Résultat scientifique

Des physiciens ont pour la première fois réalisé un système magnétique où l’ordre et le désordre sont superposés au point que chaque aimant élémentaire se trouve à la fois dans la phase ordonnée et dans la phase désordonnée.

Dans de rares situations, la matière peut se trouver dans un état à la fois ordonné comme un solide cristallin et désordonné comme un verre. C’est par exemple le cas de l’état supersolide où coexistent un solide et un superfluide. Toutefois, malgré la nature quantique de cet état, ordre et désordre ne sont pas superposés. Comme dans un alliage, ils ne font que coexister, chaque atome contribuant soit à l’une soit à l’autre des phases. Pour la première fois, des physiciens – expérimentateurs et théoriciens – provenant de deux laboratoires français, l’Institut Néel (CNRS/Grenoble INP/Univ. Grenoble Alpes) et l’Institut Jean Lamour (CNRS/Univ. Lorraine), et d’une équipe italienne viennent de réaliser un état magnétique où ordre et désordre se superposent intimement, de sorte que chaque nano-aimant élémentaire contribue aux deux phases. Il s’agit d’un réseau bidimensionnel d’îlots nanométriques de gadolinium et de cobalt de taille synthétisés et organisés par lithographie selon la géométrie dite de Kagomé. La comparaison des mesures réalisées au synchrotron Elettra de Trieste (Italie) à des simulations numériques a permis aux chercheurs de mettre en évidence ce nouvel état de la matière dans lequel l’ordre et le désordre coexistent. Ce travail est publié dans la revue Nature Communications.
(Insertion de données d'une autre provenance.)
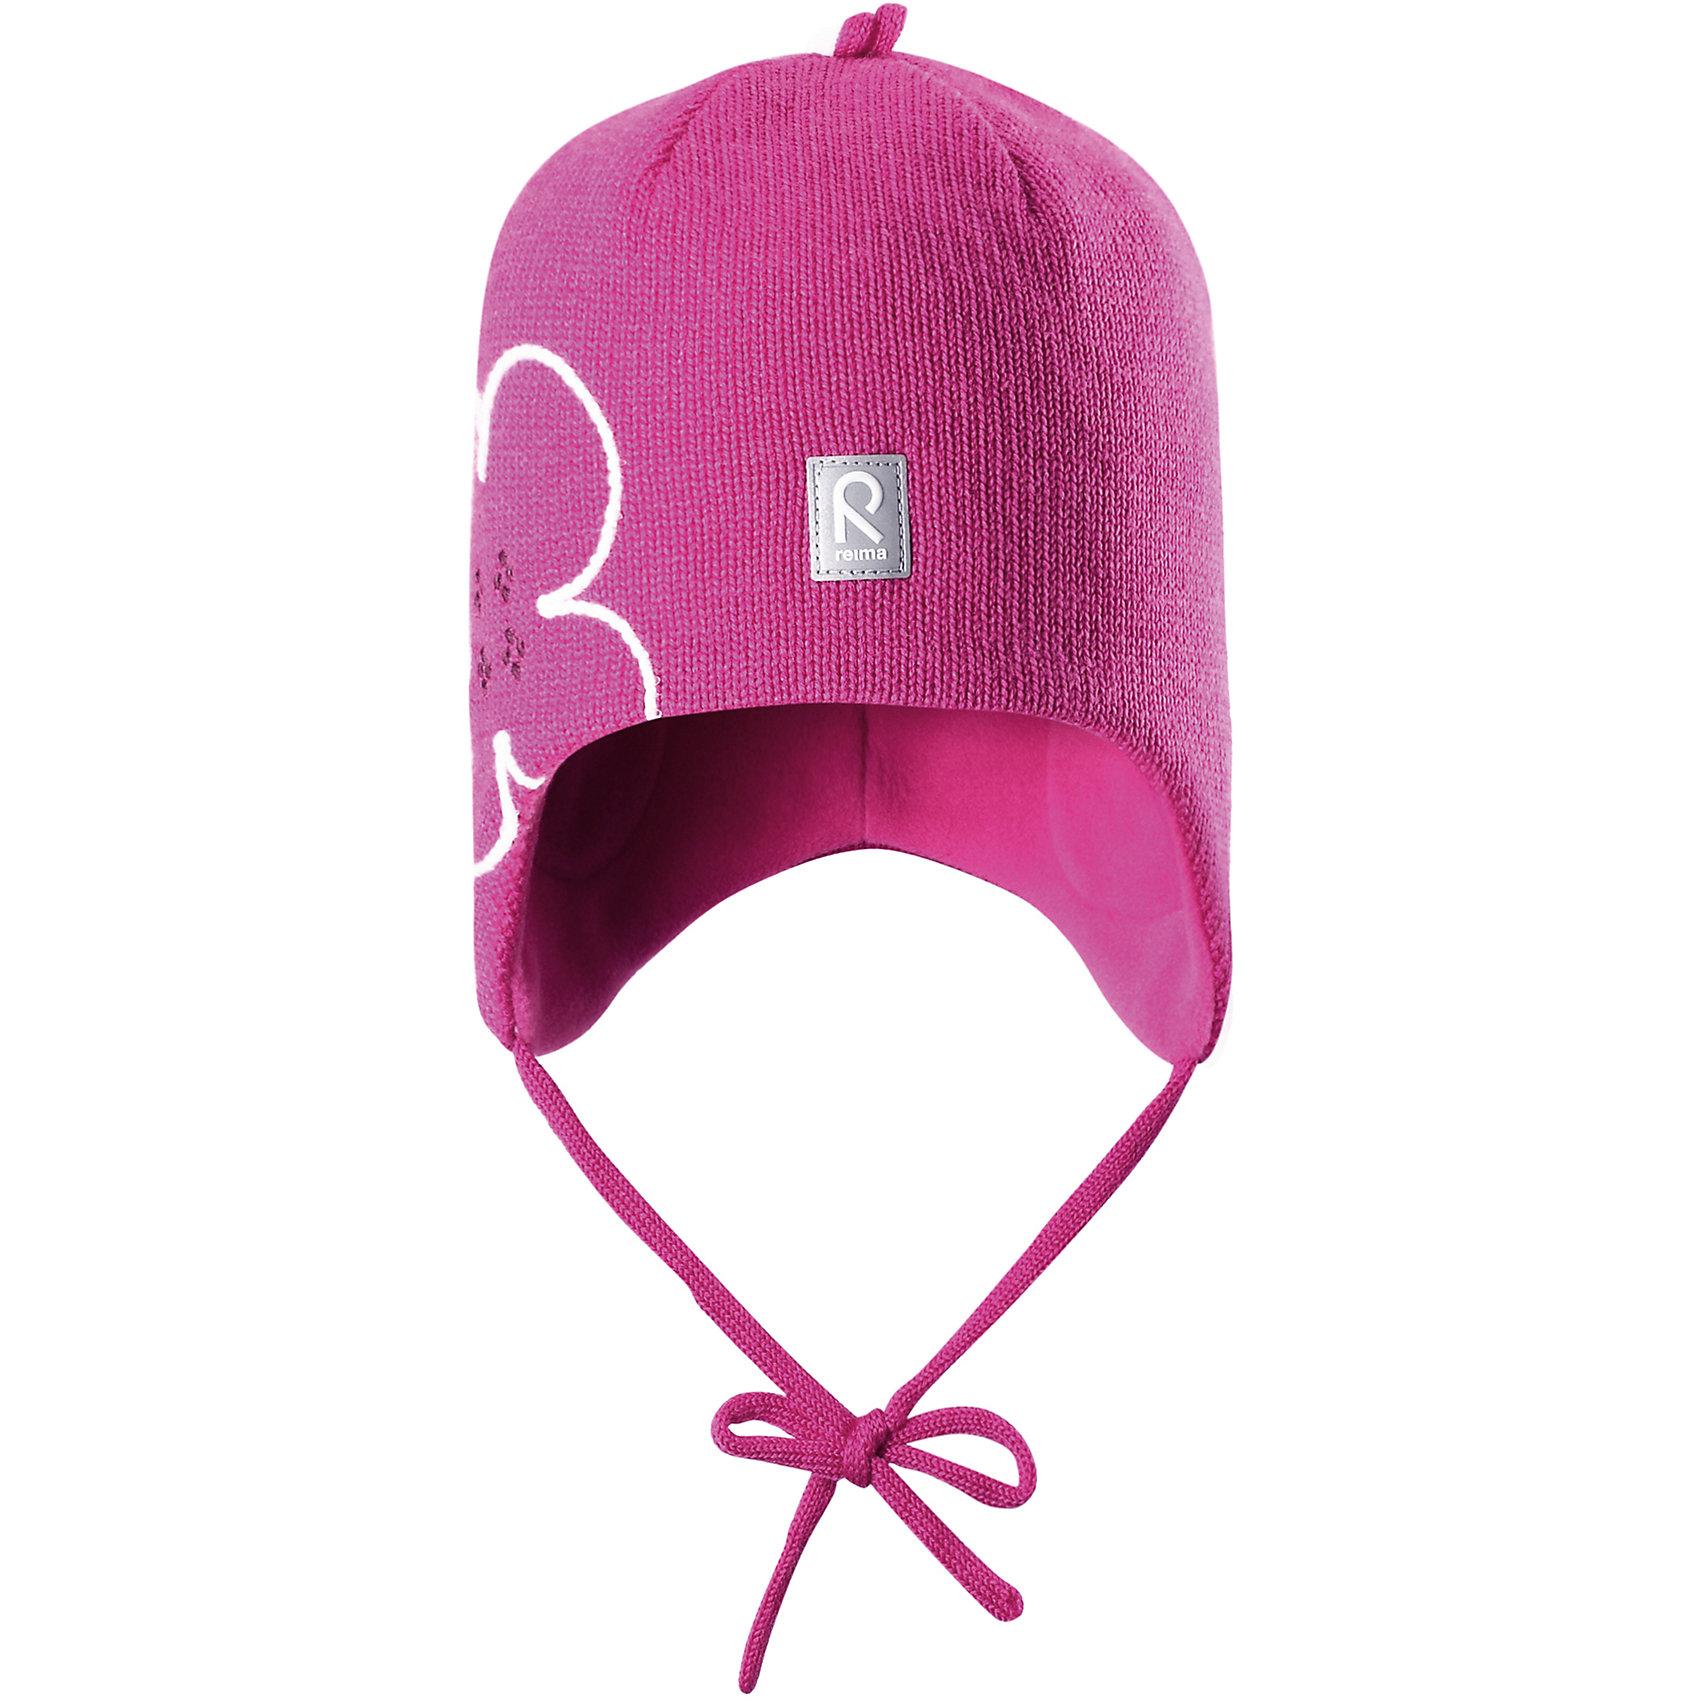 Шапка Hapsu для девочки ReimaШапки и шарфы<br>Шапка для девочки Reima<br>Шапка «Бини» для малышей. Шерсть идеально поддерживает температуру. Теплая шерстяная вязка (волокно). Товар сертифицирован Oeko-Tex, класс 1, одежда для малышей. Ветронепроницаемые вставки в области ушей. Любые размеры. Мягкая теплая подкладка из поларфлиса. Логотип Reima® спереди. Милый вязаный узор. Декоративные элементы сверху. Светоотражающий элемент спереди.<br>Уход:<br>Стирать по отдельности, вывернув наизнанку. Придать первоначальную форму вo влажном виде. Возможна усадка 5 %.<br>Состав:<br>100% Шерсть<br><br>Ширина мм: 89<br>Глубина мм: 117<br>Высота мм: 44<br>Вес г: 155<br>Цвет: розовый<br>Возраст от месяцев: 24<br>Возраст до месяцев: 60<br>Пол: Женский<br>Возраст: Детский<br>Размер: 52,46,48,50<br>SKU: 4777137

Pour réaliser ce système, les physiciens ont tout d’abord déposé sur un substrat de silicium une mince couche de tantale. Ils ont ensuite réalisé par lithographie des îlots de gadolinium et de cobalt puis recouvert le tout d’une fiche couche de ruthénium. Les 342 îlots ainsi déposés, de formes elliptiques et de dimensions caractéristiques 500x100x10 nm3, sont organisés selon une géométrie dite de Kagomé, c’est-à-dire un réseau de triangles connectés par leurs sommets. L’anisotropie de forme de ces îlots garanti que leur aimantation, nécessairement alignée selon le grand axe de l’ellipse, ne peut prendre que deux directions (‘up’ ou ‘down’) le long de cet axe. En outre, alors que l’interaction magnétique favorise l’orientation tête bêche de deux voisins, l’organisation en triangle assure qu’au moins deux des sommets pointent dans une même direction, et se trouvent donc dans une configuration défavorable. Le réseau est dit frustré.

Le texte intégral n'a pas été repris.